– Перестань впадать в истерику, поставь лучше чай, завари покрепче цейлонский.
– Матери нельзя слова сказать, – обиделась Лариса Аполлоновна.
– Не ворчи… хуже будет! Маша, пойдем, я тебя с ним познакомлю, презанятный типчик. Кандидат наук, вообще погляди на него со стороны. Очень ласковый, милый. Очень добрый, Маша. Редкость.
Парень курил сигарету, откинувшись в кресле, а Ирина засмеялась, глядя на его серьезное лицо.
– Познакомься с моей сестрой, Олег.
Он повернул лицо к вошедшим и, оглядев скользящим, но бесцеремонным взглядом Марию, сказал:
– Очень приятно. Весьма. Оболоков.
– Мария.
– Она моя сестричка, двоюродная лисичка, – проговорила Ирина. – Так что мы – сиротиночки с ней, отцы наши умерли. Ушли навсегда.
– Всем нам уготовлено место в том мире покоя, и они не исключение. Но безусловно то, что за место на том свете идет борьба в реальном мире. А вы, Мария, неверующая?
– Да.
– Дело в том, что в период освоения наукой жизненного пространства, по причине, внешне необъяснимой, многие ищут бога, а найти пока что не могут. Так сказать.
– Ладно, будешь чай или кофе? – прервала его Ирина. – А ты, Машок, садись, он не кусается. Вообще у него десять «не», которые обеспечивают ему сносное прозябание.

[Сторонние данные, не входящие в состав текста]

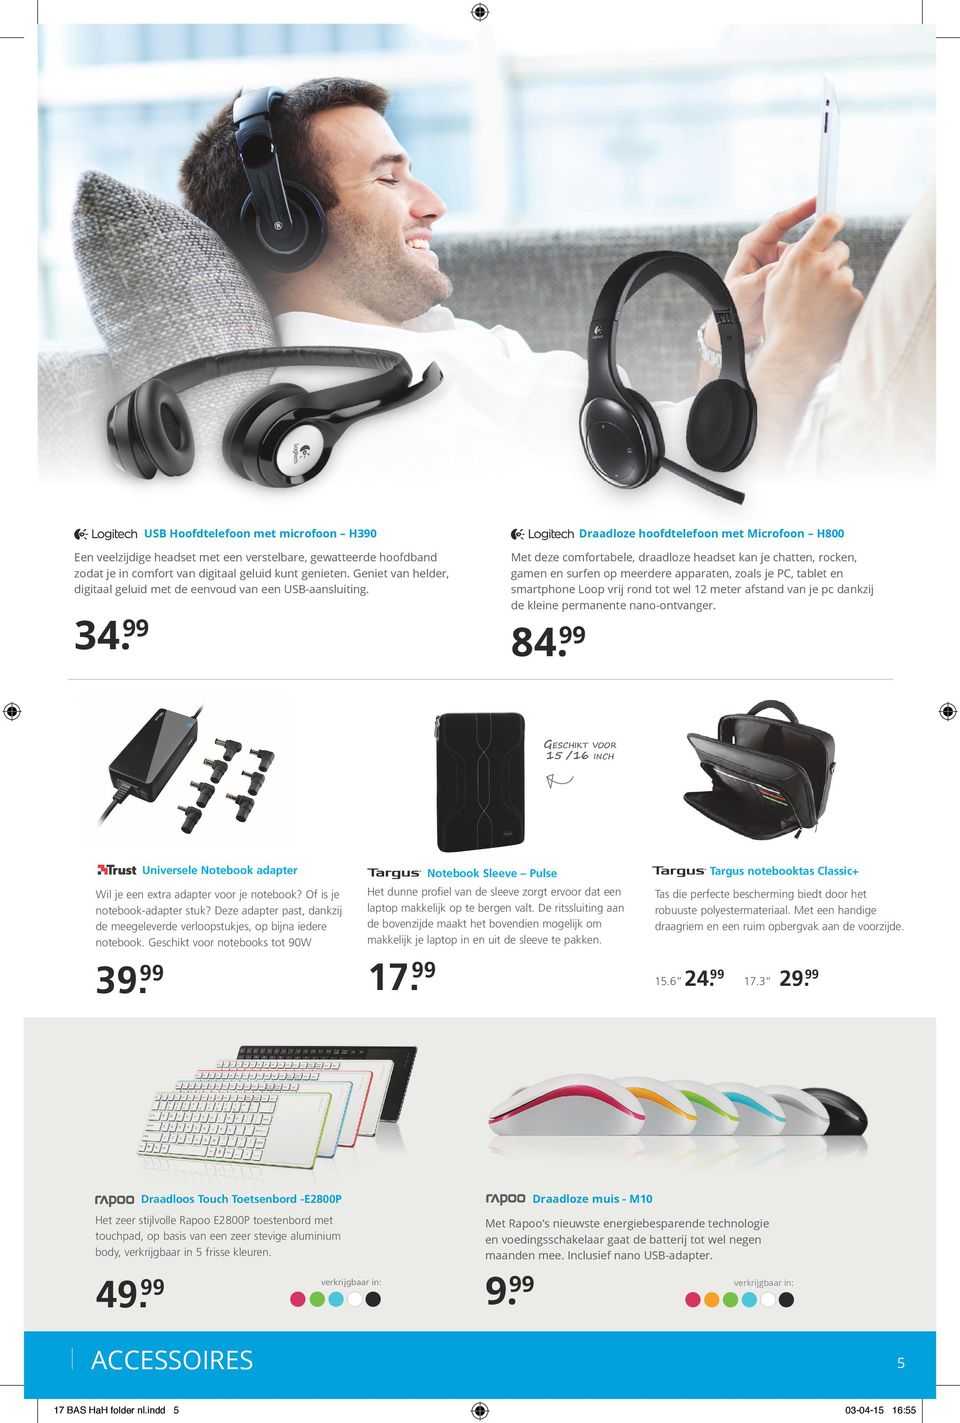 99 Met deze comfortabele, draadloze headset kan je chatten, rocken, gamen en surfen op meerdere apparaten, zoals je PC, tablet en smartphone Loop vrij rond tot wel 12 meter afstand van je pc dankzij
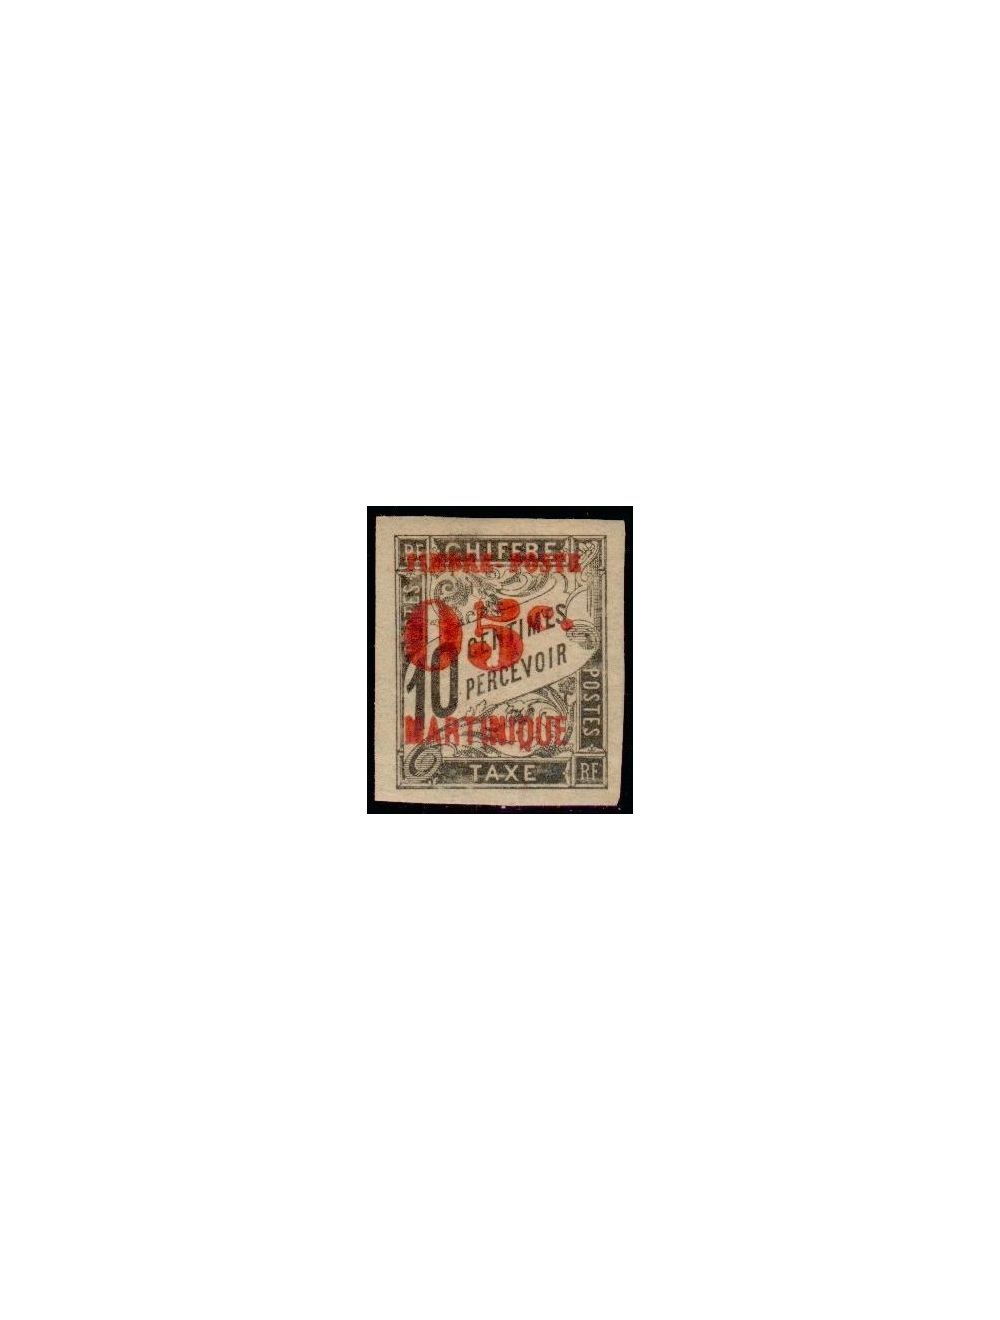 Martinique timbre-poste N°92a variété neuf**. - Philantologie

– Среди человечества, – продолжил ее мысль Оболоков с самым серьезным видом.
Лариса Аполлоновна, войдя, поставила чайник на журнальный столик, расстелив предварительно четыре салфетки, и присела с видом обреченной, точно для нее вся дальнейшая жизнь потеряла какой бы то ни было смысл.
– Вот ты высказала мысль непризнания, – обратился к Ирине Оболоков, принимаясь за чай. – Сосредоточенность на самом себе – характернейшая черта Оболокова, а все происходящее вне его – суть внешние раздражители, которые он должен заглушить в себе. – Кстати, в одной старинной книге написано: «Он сказал: «Нет пророка, принятом в своем селении. Не лечит врач тех, которые знают его». Вот и говори о непризнании. Эти слова повторяли потом все писатели, поэты, мыслители.
– Но ты же неверующий? – спросила с вызовом Ирина. – Человек знающий – всегда неверующий.
– Я неверующий, потому что я знающий. Хотя! Эйнштейн и Володарский, познав и ощутив дыхание безграничной Вселенной, в конце жизни стали находить в грубом порядке мира – Космоса и его явлений – организующее начало.
Все засмеялись, сосредоточившись на чае, и только Мики ворчала в углу.
Мария проснулась. Стараясь не шуметь, умылась, оделась и направилась на работу. В прорабской ей дали расписаться и без лишних трудов отправили с двумя другими девушками на объект. Там их ожидал мастер с ласковой фамилией Коровкин, парень лет тридцати, тихий, занятый своими мыслями. Алеша Коровкин был какой-то незаметный, вот только стоял рядом, но его в то же самое время словно никто не видел. Оглянется человек – нет его, будто никогда не было. И забывали о нем тут же. Он обладал удивительным свойством незаметного человека, которого никогда никто не мог найти, заметить или просто обратить на него внимания. Если мастера не было, его искали, а вот если он стоял рядом, то никому он не был нужен.